Ninomae's livestreams consist of her playing video games, chatting with viewers, collaborating with other VTubers, singing karaoke, and drawing art. She begins all of her streams with her signature catchphrase, "Wah!". She often makes puns. Ninomae is a professional illustrator. She is also trilingual, able to speak English, Japanese, and Korean.

==Career==
On September 13, 2020, Ninomae debuted as part of Myth. On May 27, 2021, Ninomae reached 1 million subscribers on YouTube; she was the 4th member of Myth to do so. One piece of art Ninomae has illustrated is titled Do VTubers Dream of Colorful Tomorrows?, a reference to Do Androids Dream of Electric Sheep? and through that the discourse surrounding the humanity of VTubers. She won the Best Art Vtuber award at the 2023 Vtuber Awards. On July 5, 2025, Ninomae featured for Major League Baseball's Los Angeles Dodgers during a game at Dodger Stadium with VTubers IRyS and Koseki Bijou; they sang "Take Me Out to the Ball Game" during the seventh-inning stretch and had baseball cards released of them.

Ninomae's first original song, "Violet", was released on August 4, 2021. The song was composed by Seibin, had string arrangements by Benicx, and was written by Lumina, who also produced an accompanying music video.

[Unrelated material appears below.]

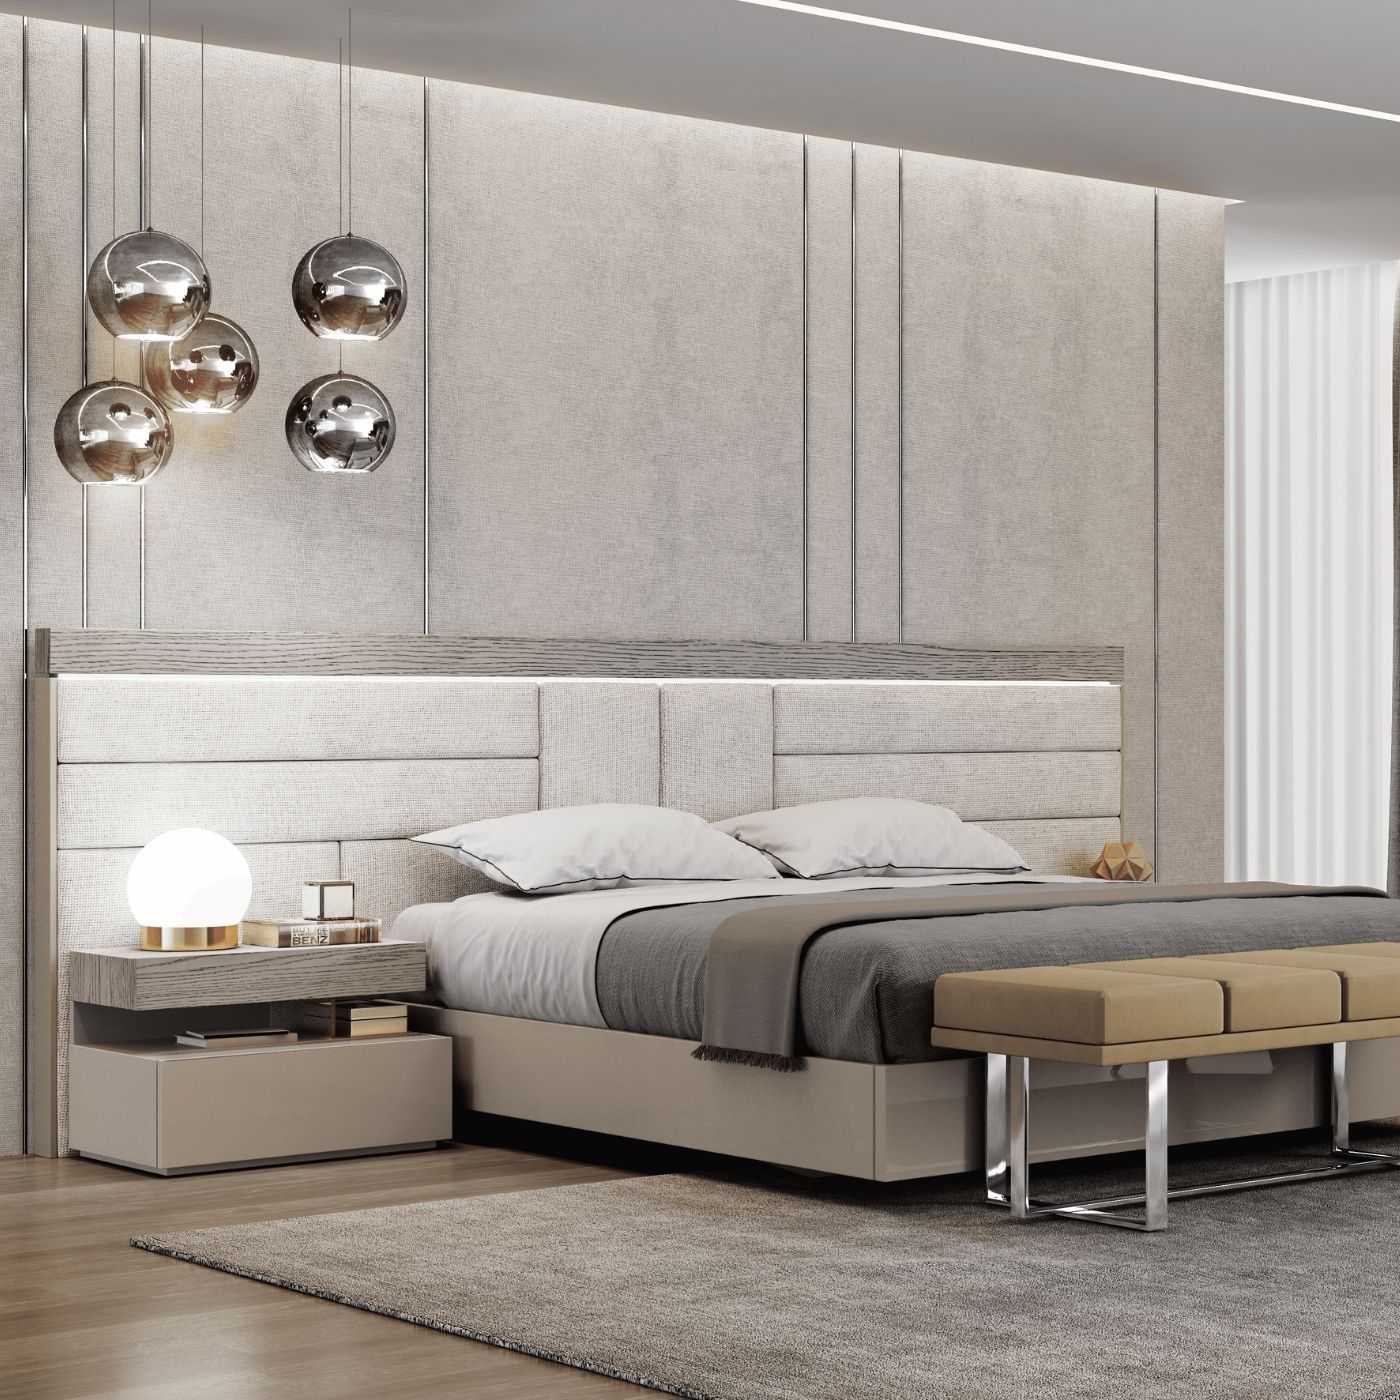 Opala Bed

On December 2, Ninomae released her first cover, "Tabi no Tochū" from Spice and Wolf. Ninomae was a part of the music group Umisea, which centered on Hololive members with oceanic themes. As a part of Umisea, she first worked with the Japanese musician Camellia. Camellia praised Ninomae's vocals and she provided them on "Drenched in Air", a song from his album Ashed Wings molded around her. On February 18, 2023, Ninomae had her first official solo live performance, where she debuted her 3D model, which was created by Rei Amagai, and which peaked at over 63,000 concurrent viewers. Following this, she had her first appearance on the Holo no Grafitti (Hologra) video series with the video "Eat or Be EaTentacle". On December 9, Ninomae hosted her second official solo live performance, a belated birthday celebration. During the live, she first performed her second original song, "Meconopsis"; it was arranged and compased by M2U and written by Wunder Riku, who included many references in it. Her third single, "Temari", released on December 29, 2024, and had the same production team as "Violet". On January 7, 2026, Ninomae's fourth single "Tako∞Takover" was released; it was written by Mori and produced by Aiobahn +81. On February 2, 2026, Ninomae's first EP, Re:Vision, released.

Ninomae's fans are known as Takodachis, a portmanteau of tako (蛸, 'octopus') and tomodachi (ともだち, 'friend'). In May 2021, to celebrate Ninomae's birthday, they had a 60 second tribute video displayed on a billboard in Times Square seven times an hour. The billboard was located next to a local Taco Bell, a reference to Ninomae's affinity for "tako" puns, and it rotated through 99 fan arts and 4 animated sequences that had been selected from over 400 submissions. This predated the popularization of fan billboards in the United States and triggered their popularization in VTuber communities, although it had already been popular in Japan. Motoaki Tanigo, the CEO of Hololive Production's parent company, Cover Corporation, named the billboard as the most surprising thing he had seen during his tenure. To celebrate Ninomae's birthday in 2022, the Takodachis assembled a 342-page artbook, aided by Lumina.

In May 2024, Ninomae was added to the Hololive fan game Idol Showdown. She recorded most of her lines in the game, although some were taken from clips of her stream, such as a clip of her voice cracking while saying "tomorrow!". The game includes numerous references to Ninomae and her stream, such as her 'threats' to bonk viewers with a crowbar, her character primarily fighting with a paintbrush, and her final move, "Forbidden INKantation", is based on a popular fan animation. The game features mixes of two of Ninomae's songs: "Wahoy", a mix of "Violet" and the Houshou Marine song "Ahoy!"; and "Violet Blossom", a mix of "Meconopsis" and the Ninomae-commissioned Camellia song "Kanalumi".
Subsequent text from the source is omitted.